Bürgermeister Werner Herbert (FPÖ) sieht die Lage anders: "Wir sind sehr bemüht, alle Kinder mit ins Boot zu holen und niemanden zurückzulassen. Wir haben 12 Stützkräfte und wir haben auch für Frau Anusic eine Sonderlösung geschaffen, damit es eine eigene Bedienstete für Mia gibt."

Ein Hortbesuch sei dennoch nicht möglich. Der Grund: Der Hort befindet sich in einem Container und ist nicht behindertengerecht. "Mia hat aber eine hochgradige Behinderung ausgewiesen", so Herbert in den NÖN. Zudem könne aus Kostengründen keine zusätzliche Stützkraft gestellt werden. Auch eine Ferienbetreuung sei daher nicht möglich - grundsätzlich für behinderte Kinder.

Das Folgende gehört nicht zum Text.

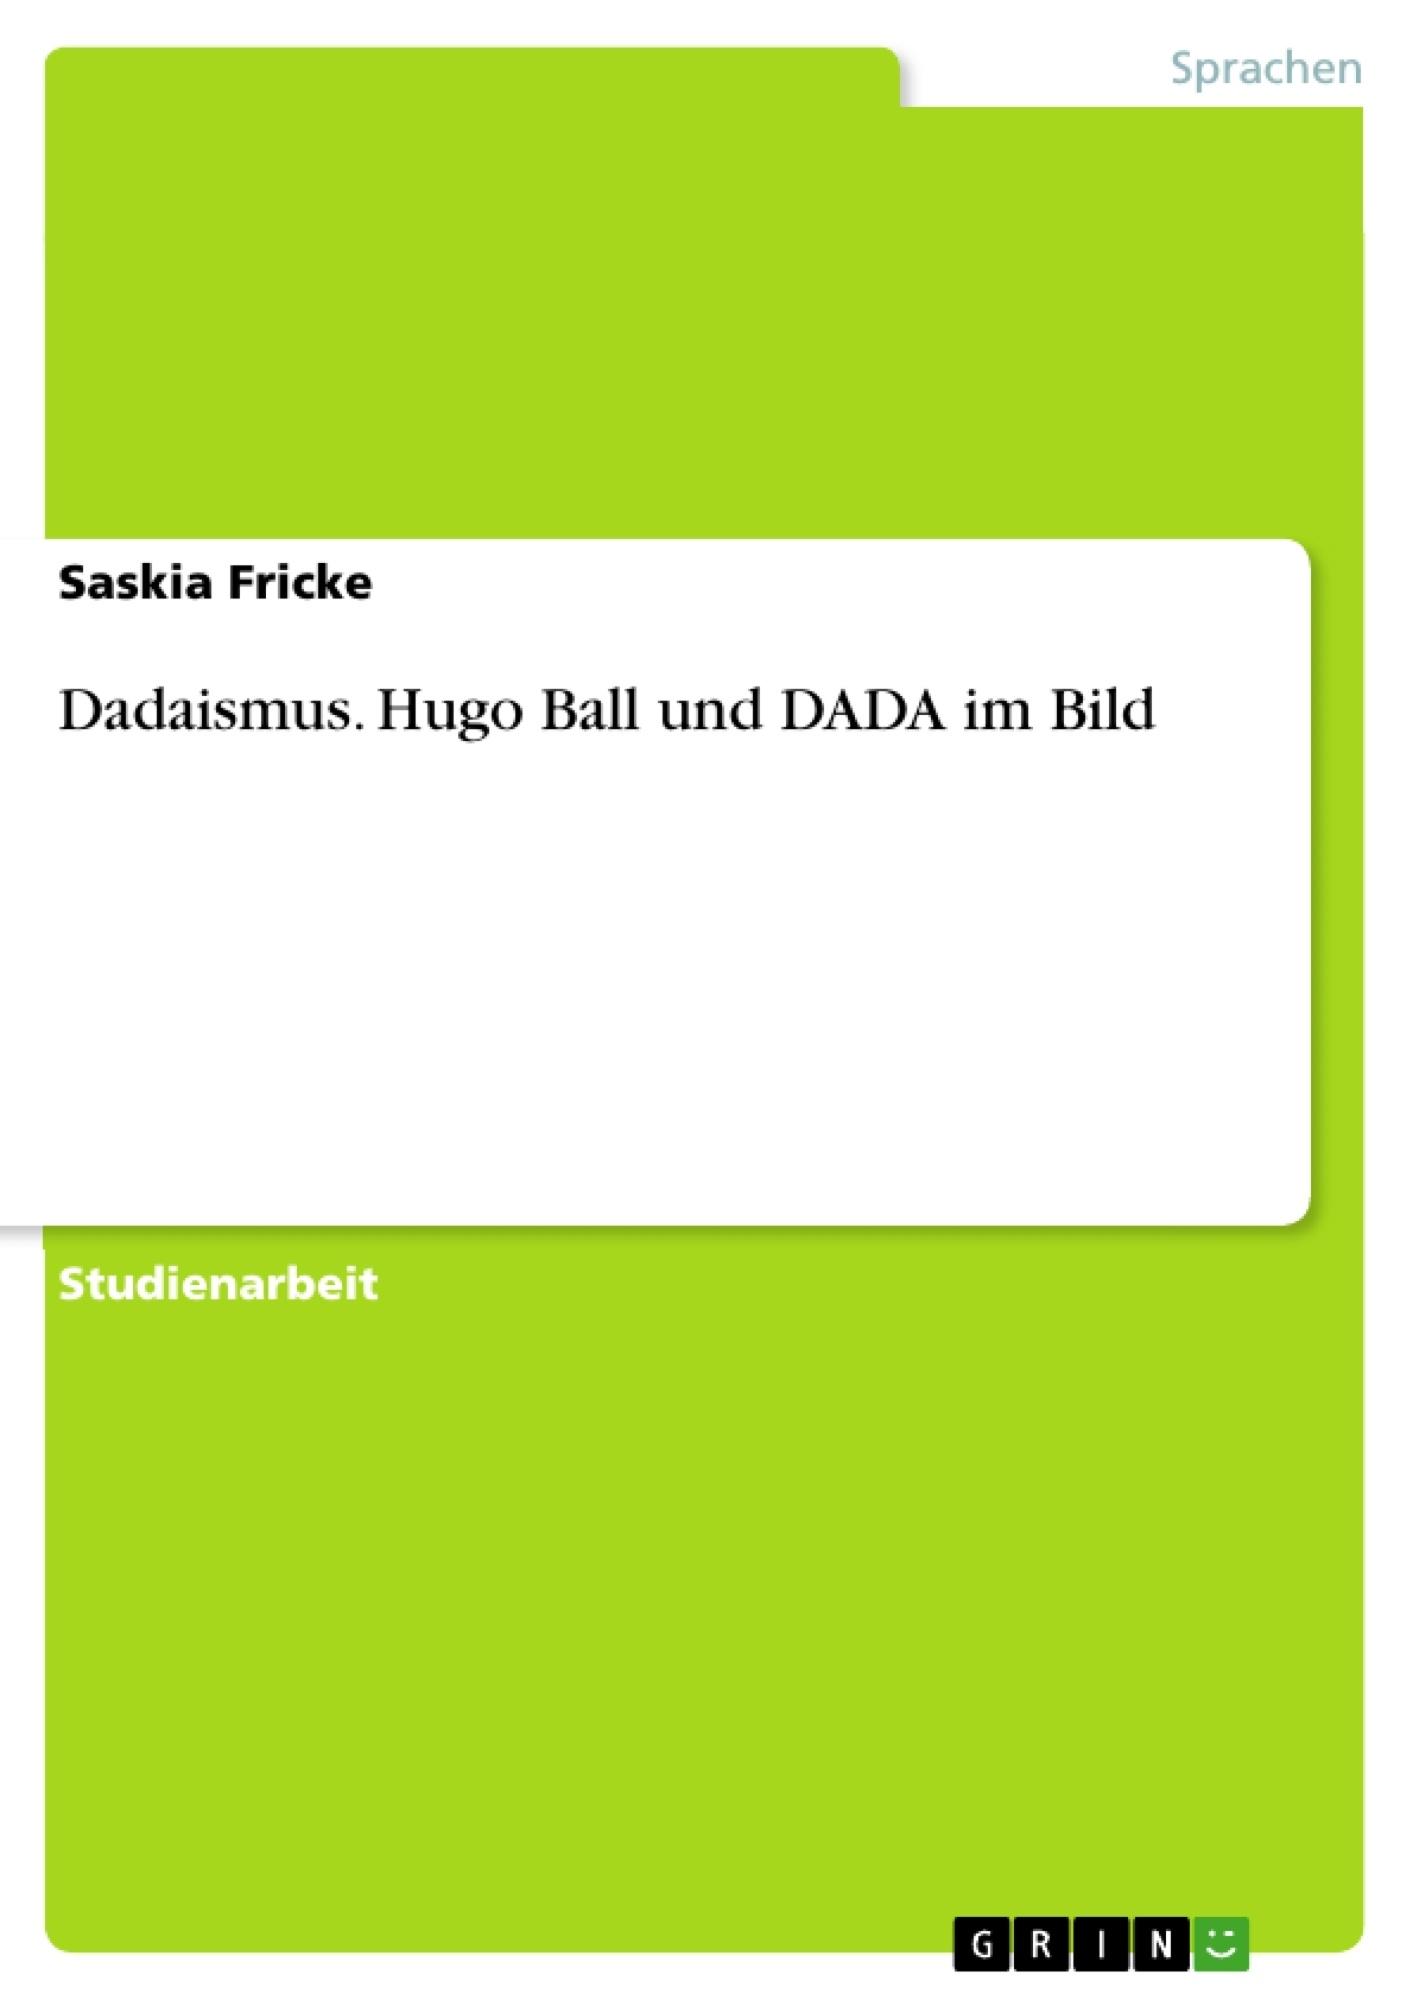 Titel: Dadaismus. Hugo Ball und DADA im Bild

Für ihn wäre eine andere Lösung sinnvoll: "Es ist nachvollziehbar, dass Frau Anusic das Beste für ihr Kind will. Sie hätte in Fischamend eine Sonderschule, die alle Stückerln spielt. Dort hätte sie eine umfassende Betreuung für ihre Tochter, aber das will sie nicht. Sie will aber, dass alle anderen ihr bieten, was die Sonderschule bietet, und das geht eben nicht."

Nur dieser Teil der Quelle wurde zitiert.